Her ‘autobiography from beyond the grave,’ is a testament to unbridled passion and the heartbreaking reality of love and death in nineteenth century Paris. Josephine shares her emotional struggles, downfalls, and triumphs, as she experiments with freedom and searches for personal fulfillment. Her introduction to spiritism and reincarnation, raises the specter that visions of living in a Babylonian temple 4000 years ago may shed light on the relationships she has with important people in her life.
Josephine’s story gives us a window into Belle Epoch Parisian culture–an increasingly wealthy and influential bourgeoise, an aristocracy struggling to maintain a lifestyle of entitlement, the libertine Bohemian sub-culture of Montmartre, the BDSM Paris underground, and shifting societal mores around sex, love, and marriage. Her experiences offer a perspective missing in history and a narrative that is both individual and collective.

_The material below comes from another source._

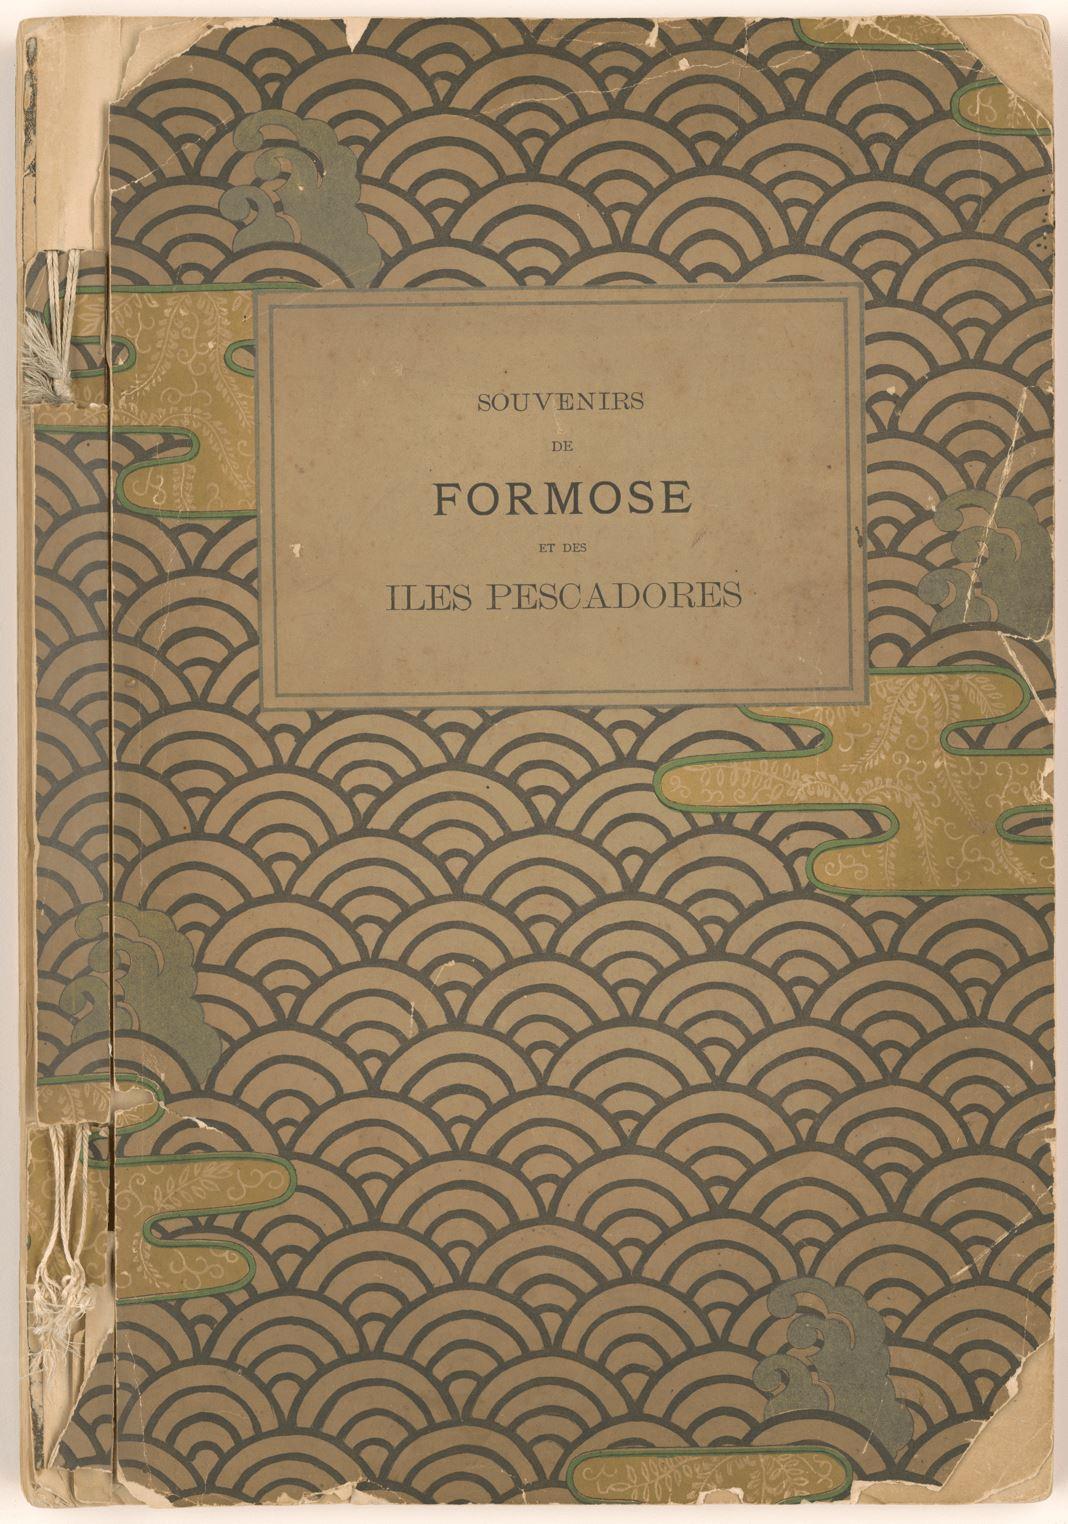 Souvenirs de Formose et des Îles Pescadores (Memories from Formosa and the Pescadores Islands)

Josephine’s voice illuminates the personal and professional lives of the Callot family. Through her eyes we glimpse the guiding philosophy, creative force, business acumen and comradery that distinguished the House of Callot from the competition and insured its success. This woman-owned, woman-operated enterprise was exceptional for its time. Josephine’s own contribution was unique. Her untimely death at the age of thirty-one rounds out her short, impassioned life. Her demise is tragic, but contrary to popular rumor, not suicide.